++++ SUPPLIED MATERIAL ++++
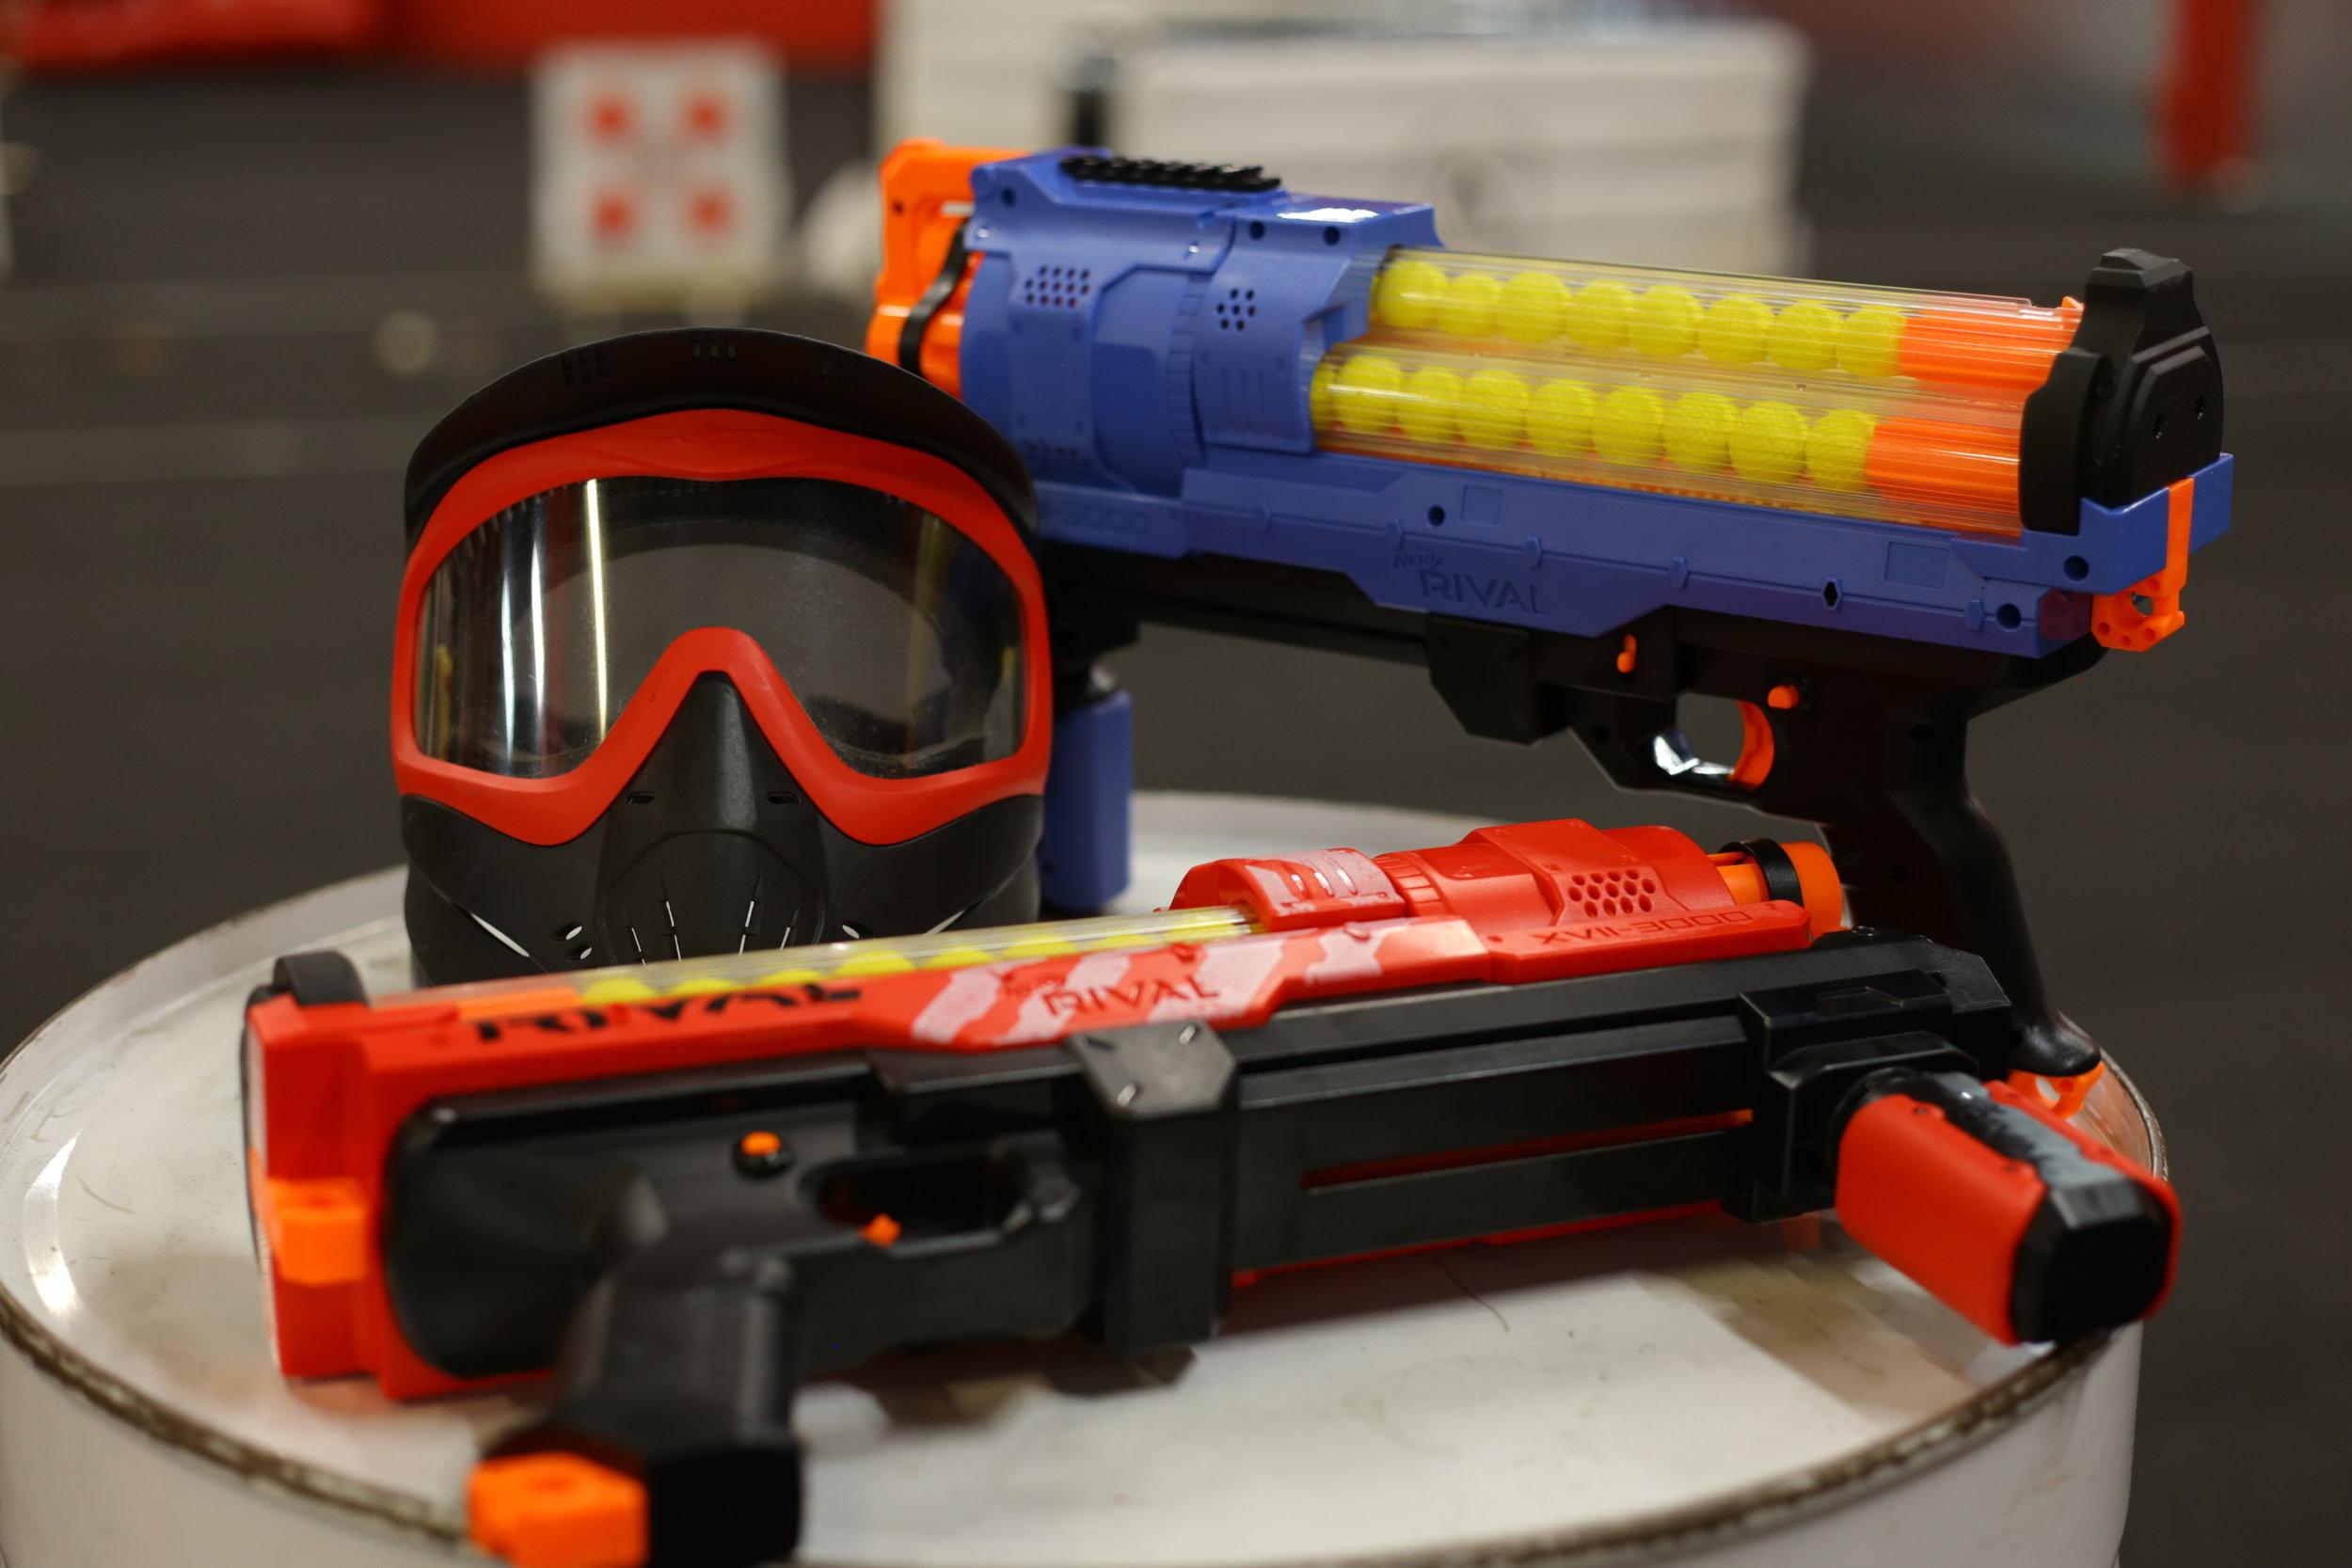 toronto nerf wars blue Elite Ex-3 strongarm archers arena nerf combat battle.JPG
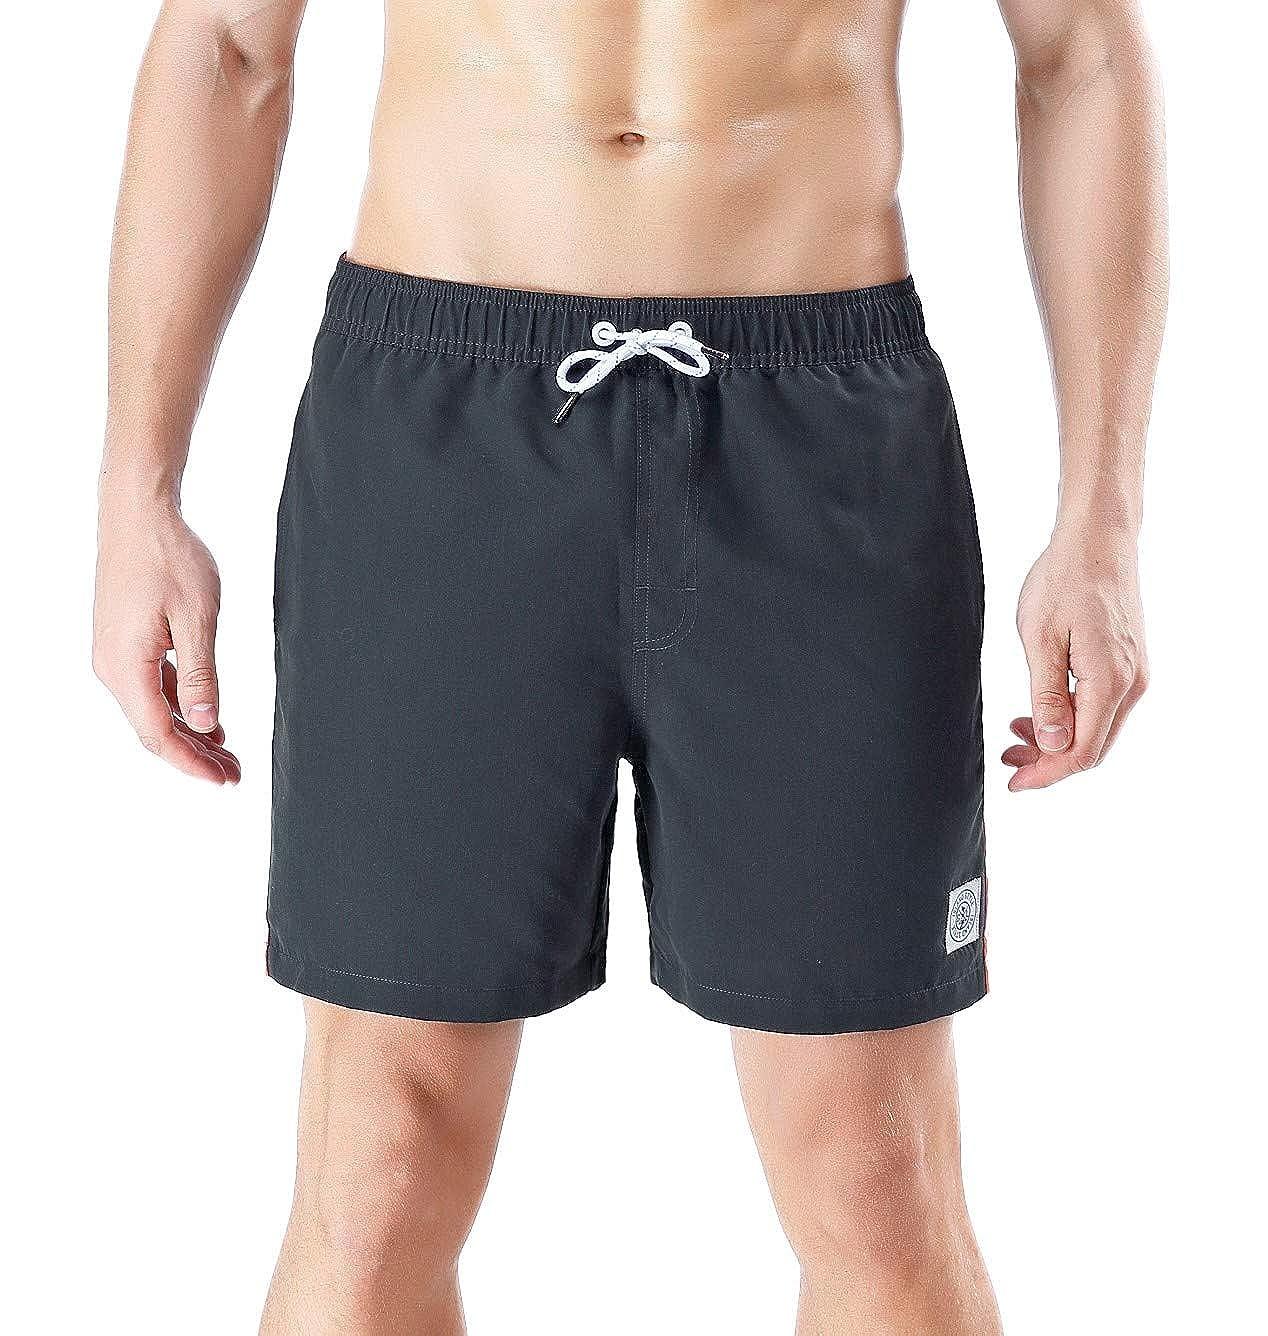 QRANSS Mens Short Swim Trunks Boys Quick Dry Beach Broad Shorts Swim Suit with Mesh Lining
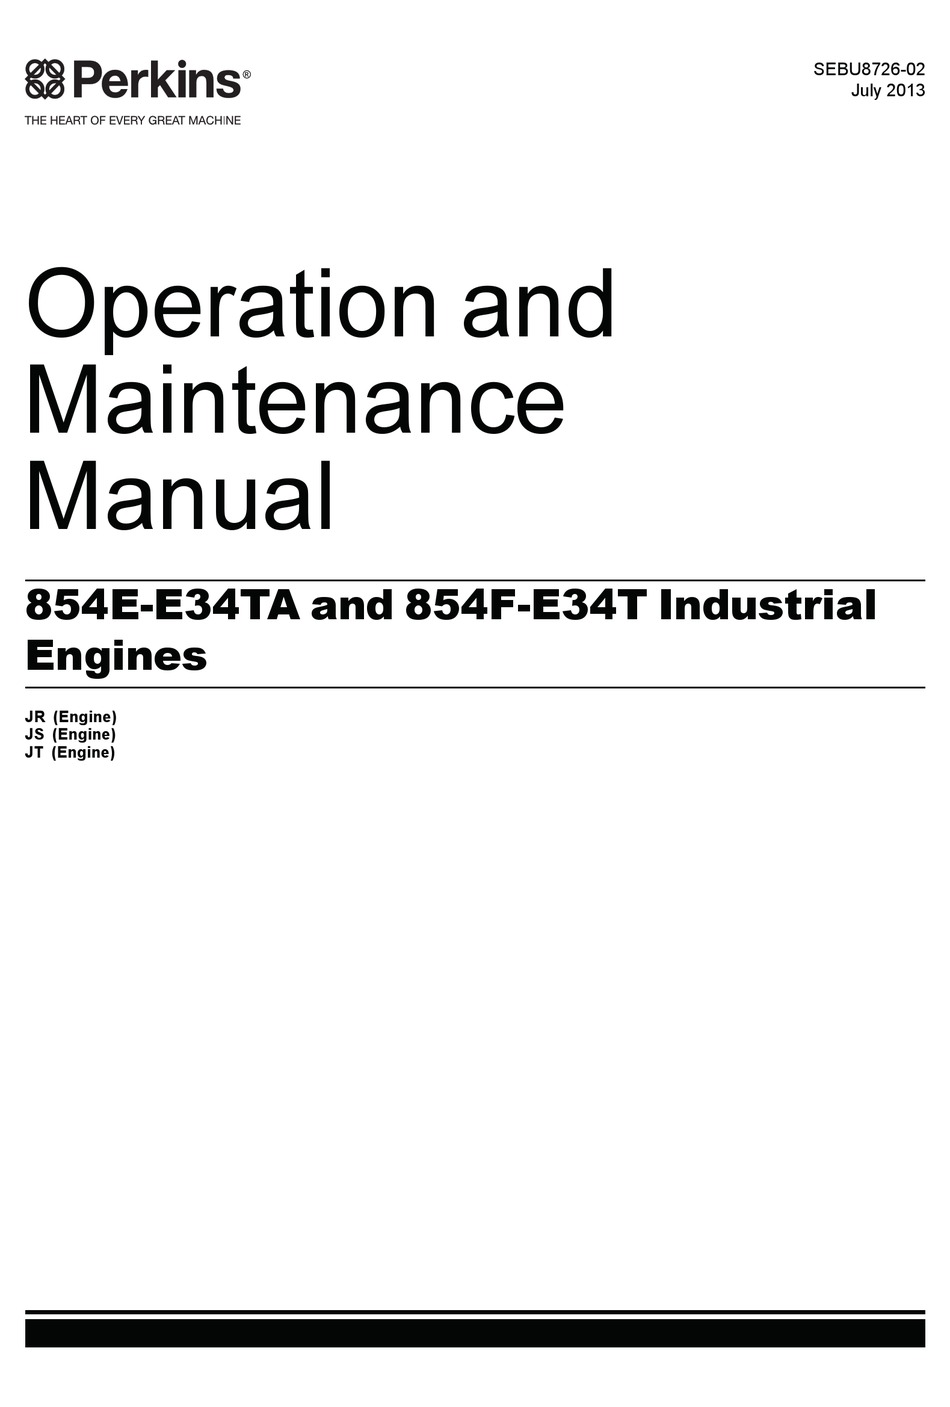 PERKINS 854E-E34TA OPERATION AND MAINTENANCE MANUAL Pdf
++++
ACTION ITEM:
The answer is the whole listing above, written out verbatim, without its pictures.

RESULT:
 toronto nerf wars blue Elite Ex-3 strongarm archers arena nerf combat battle.JPG
 QRANSS Mens Short Swim Trunks Boys Quick Dry Beach Broad Shorts Swim Suit with Mesh Lining
 PERKINS 854E-E34TA OPERATION AND MAINTENANCE MANUAL Pdf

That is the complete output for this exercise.